Она вернулась на кухню, где Назар уже растапливал масло на
сковороде и резал толстыми ломтями «Любительскую» колбасу.
- Как дела? - спросил он, не оборачиваясь.
- Позвонила домой, сказала, что никуда не поеду.
- От сердца оторвала? - насмешливо бросил Назар. - С
кровью выдавила из себя отказ?
- Ты знаешь, как ни странно, нет. Все было легко, как
будто только так и может быть. Я даже удивилась.

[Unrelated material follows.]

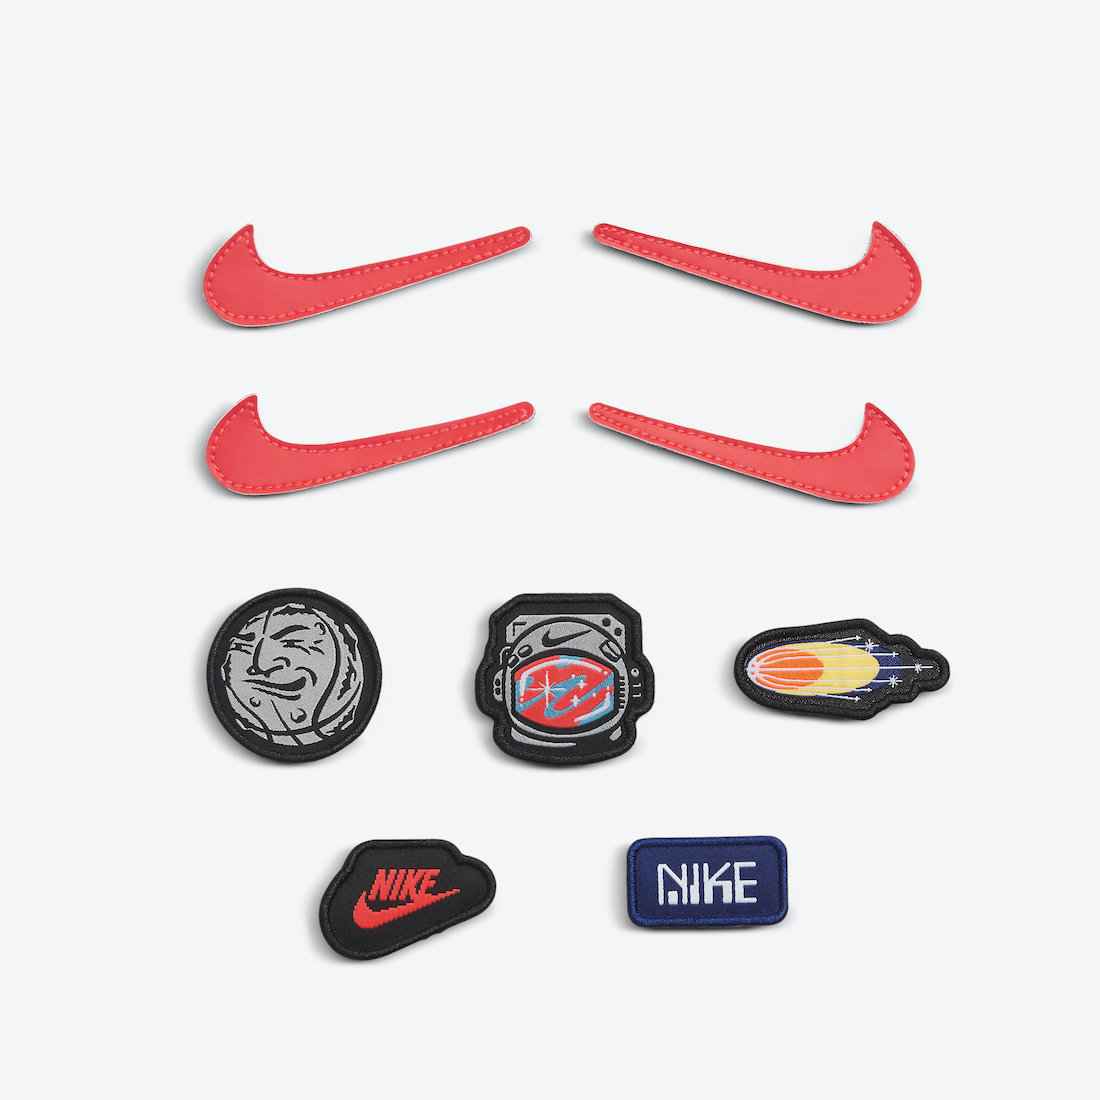 Nike Air Force 1 1 GS Black Bright Crimson DB1856-001 Release Date

Он повернулся к ней, в одной руке нож, в другой - круглый
аппетитный ломоть темно-розовой с белыми кружочками жира колбасы, и неожиданно
запел немного скрипучим высоким голосом:
А я по улице иду как хочу,
А мне любые чудеса по плечу,
Фонари свисают - ешь, не хочу,
Как бананы в Сомали.
Элла расхохоталась весело, от души.
- Это что еще за классика русского романса?
- Никогда не слышала?
- Нет.
- Ну вот, а туда же, авторская песня, гитара, костры…
Слушай, пока я добрый:
У окна стою я, как у холста,
Ах, какая за окном красота!
Будто кто-то перепутал цвета,
И Неглинку, и Манеж,
А над Москвой встает зеленый восход,
А по мосту идет оранжевый кот,
И лоточник у метро продает
Апельсины цвета беж…
Потом они вместе жарили колбасу, промывали макароны кипятком
и пели хором про «кожаные куртки, сброшенные в угол», про атлантов, которые
«держат небо на каменных руках», и про товарища Парамонову, которая, как
известно, в это время пребывала за границею.

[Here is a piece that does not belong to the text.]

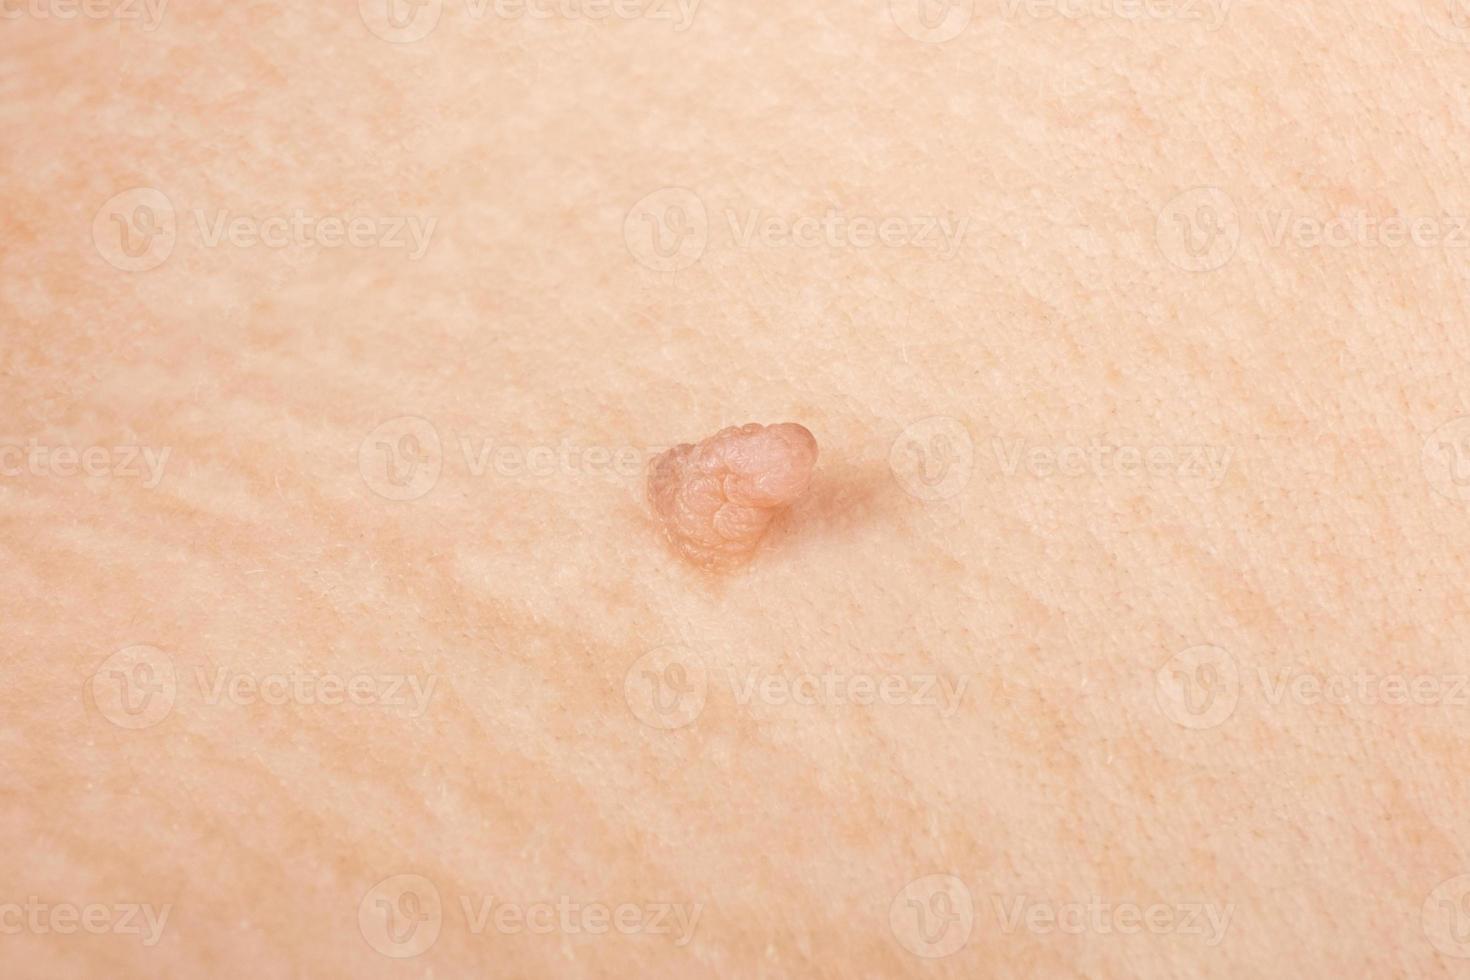 papilloma close up, big birthmark on the skin photo

Потом они жадно и с удовольствием ели, потом Назар угощал ее
кофе, сваренным каким-то особым способом, потом в сумерках, не зажигая света,
снова пели все, что могли вспомнить. А потом как-то так получилось… Ну, в
общем, получилось. Элла в какой-то момент поняла, что очень этого хочет, и
когда оно случилось, была на седьмом небе от счастья.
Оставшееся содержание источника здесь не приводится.